Opinión

La propia supervivencia

Queridos lectores, cuidado con quienes viajan. A veces las compañías no son malas per se, sin embargo, le pueden traer problemas de toda índole. Ya sabe, hoy todo el mundo quiere ir en coche. Y esta costumbre se está extendiendo a límites insospechados. Hasta los insectos se creen Miss Daisy a la espera de quien los pasee. Esto es lo que le sucedió a una señora inglesa de 65 años, llamada Carol Howarth, quien felizmente se dirigía a su casa tomando el camino que pasaba por una reserva. Yo no sé si llevaba la radio puesta o no, pero lo cierto es que no procedía de ningún aparato el zumbido que escuchó y que la perseguía como en una película de terror. Asustada por el ruido miró por los espejos retrovisores y vio en el límite del asombro y toda acongojada que, hecho un cálculo groso modo, le perseguían unas veinte mil abejas como un ejército enardecido dispuesto a una lucha a sangre y fuego.

Ustedes, queridos lectores, ¿qué harían ante un caso así? ¿Se meterían con coche y todo en el lago, o río más cercano? ¿Huirían despavoridos sin mirar hacia donde? ¿Llamarían a algún cuerpo de seguridad para que lo salvaran? ¿Se quitarían un zapato y lo echarían por la ventanilla para distraer al enjambre asesino? ¿Tratarían de dialogar con la abeja jefe que las mandaba? Todos sabemos que el diálogo con los agresores es mano de santo para que se tornen bondadosos y píos, pidan perdón y se arrepientan. Por otra parte, ¿qué movía a los insectos para tal movimiento agresivo? Las alas, ya se sabe. Pero, ¿qué había sucedido? ¿Les habrían robado la miel sin que se dieran cuenta? ¿No les gustaba el modelo de vehículo? ¿Hacían maratones de carreras? ¿Estaban estresadas por el sistema de vida actual? ¿Estaban hartas de que ese camino de la reserva fuera como la Casa de Tócame Roque? ¿Querrían invitar a la señora a un picnic? ¿Se estarían mudando de panal?

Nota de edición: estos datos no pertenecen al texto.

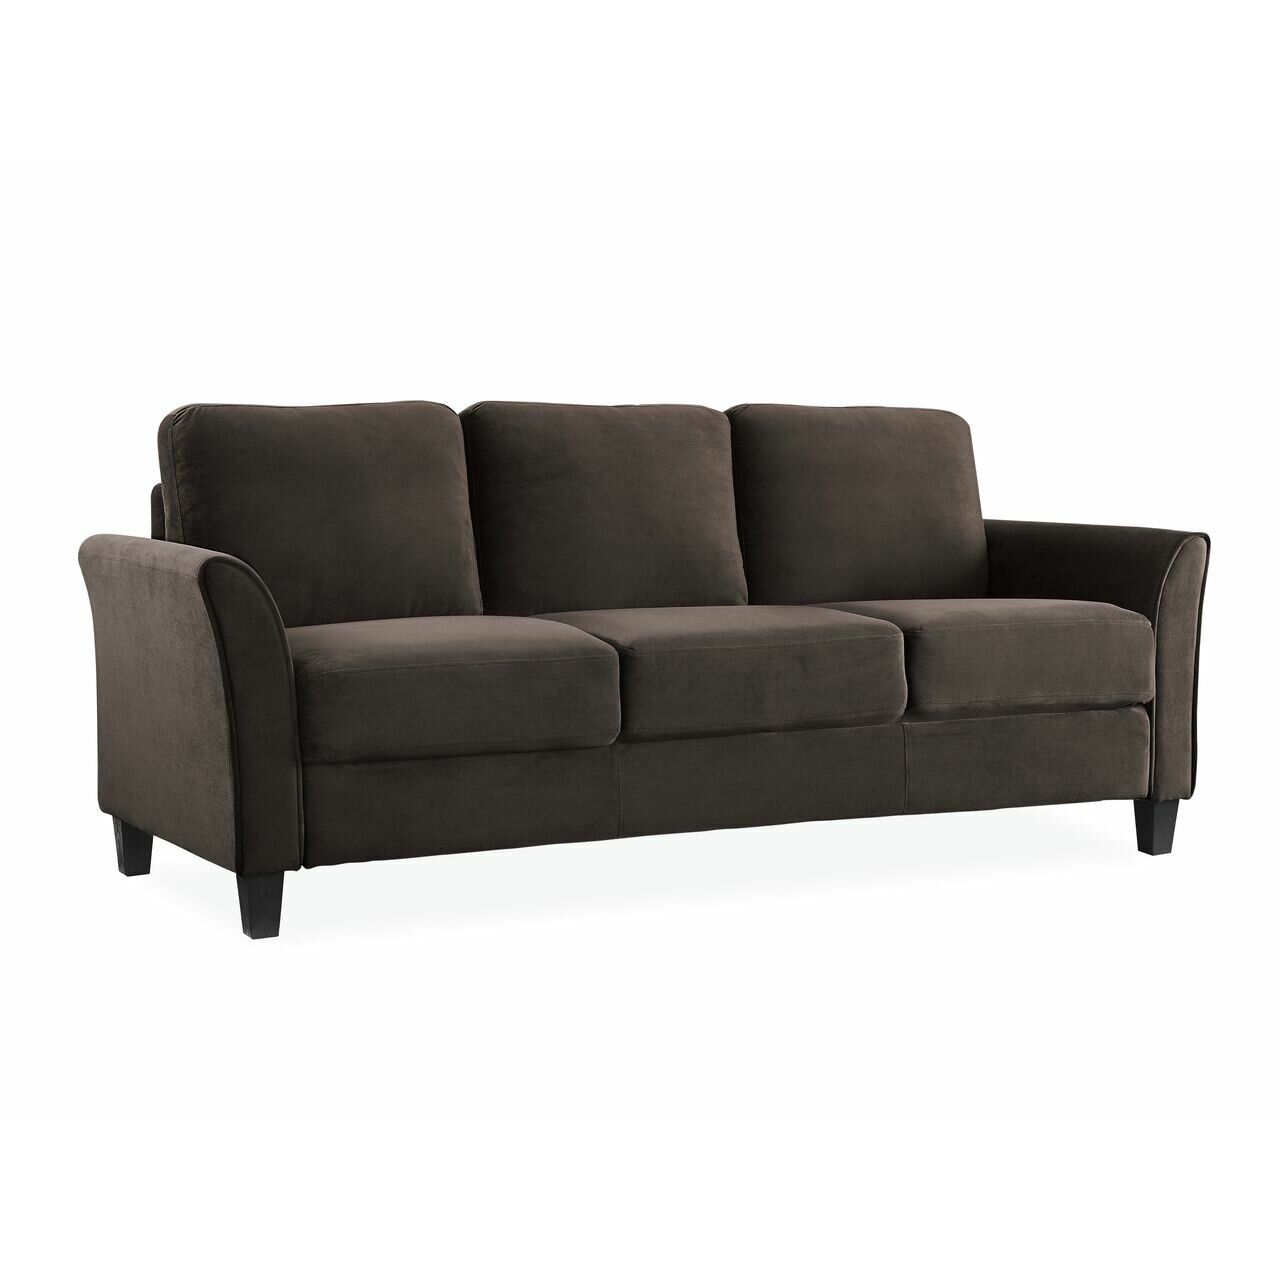 Charlton Home Patricia Curved Arm Sofa & Reviews | Wayfair Regarding Sofas With Curved Arms (Gallery 9 of 20)

No sabemos qué harían ustedes ni lo que hizo Carol Howarth ante semejante circunstancia. Pero sí sabemos finalmente cuál era el motivo de que la legión de abejas siguiera al coche. Todo obedecía a una razón de estado: su reina se había colado dentro. Su reina, la querida, admirada, acatada reina de la colmena, que se había despistado de trono y sin la cual no podrían vivir. No perseguían a la conductora, ni al coche, solo al fundamento básico de su propia supervivencia.